So the other day when we were out at his personal barber, I asked him whether or not he'd dare to go bald.
"Like bald shiny bald?" He asked.
"Yeaps. Don't you think it's macho and manly and... grrr..." I controlled my actions, so no, I didn't have any actions of a clawed hand and grimaced face baring those teeth as if I was some horny whore wanting those biker daddies to fuck my pussy.
See, sometimes I find it quite a turn on really. I mean, it has to come from someone who has the aura of a man definitely. Give me a bald queen who squeels in high pitched soprano voice, I'd trade that for the Miss Universe, as in a true lady with titties and pussies. And when I mean the aura of a man, this shallow peanut-sized brain of mine would've clearly screamed out that I mean it's like those muscular bikers in the desert in Arizona or Texas.
Perhaps I've watched too much of Matthew Rush. Or there was this guy who goes by the nick name of Gauge. Big buldging muscles with 8' tool. Ripped my asscrack when they're the top for sure. I mean, oh well, if they were ever going to be out of all the odd chances my boyfriend, there'd be no chance of me to have my tool in some warm holes unless we get another pig bottom in for 3some.
Blissful fantasy! Gave me multiple orgasm alright.

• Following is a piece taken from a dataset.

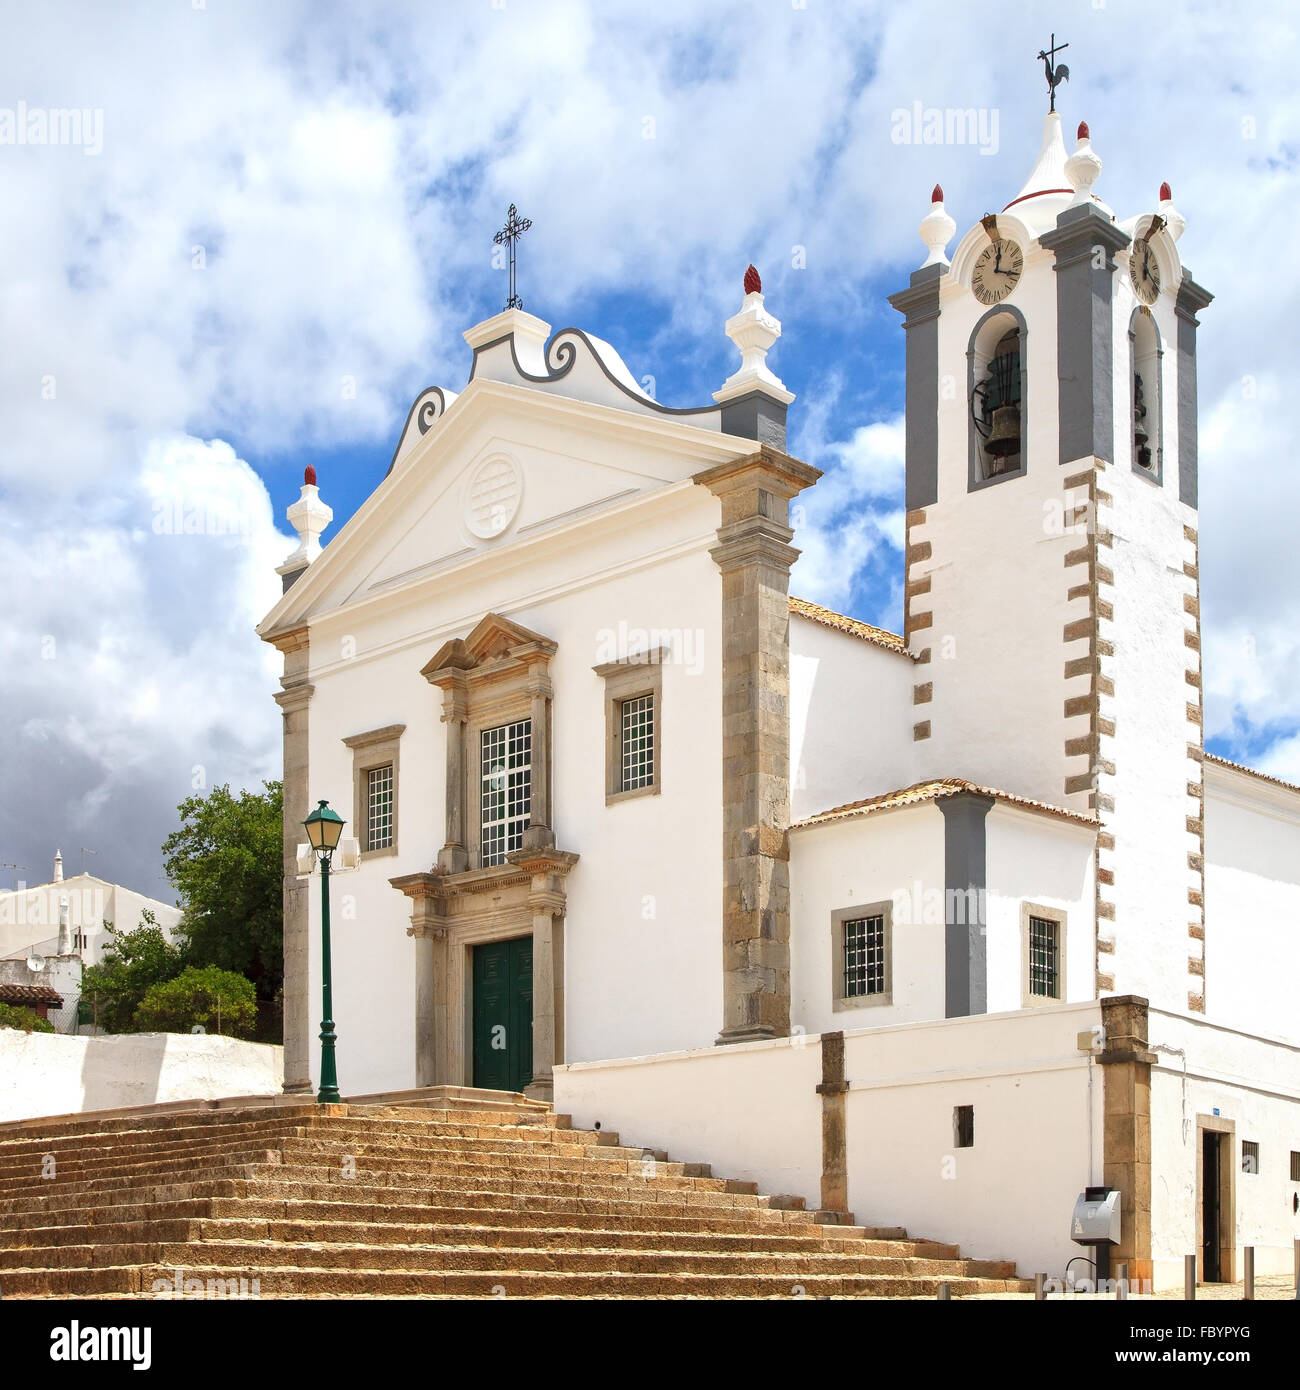 Chiesa portoghese landmark Igreja de Sao Martinho de Estoi come noto come Matriz de Estoi, provincia di Faro Algarve Portogallo Foto Stock

But then again, considering I've already find my lovely beau, even my first fuck who was bald with a beefy body and a curved-up beer-can-thick 6' tool didn't entice me anymore. And with that lust aside, I find I love my beau more and more.
So, back to the story. The beau didn't answer. His hair was somewhat thinning, and I definitely gotta learn to be more sensitive.
But here's to you my dear, if you're reading this, I love you no matter what. Even though you're not those big rough macho bald daddies from Texas with 8' cock, I'm so ever satisfied and happy that you're mine and I'm yours.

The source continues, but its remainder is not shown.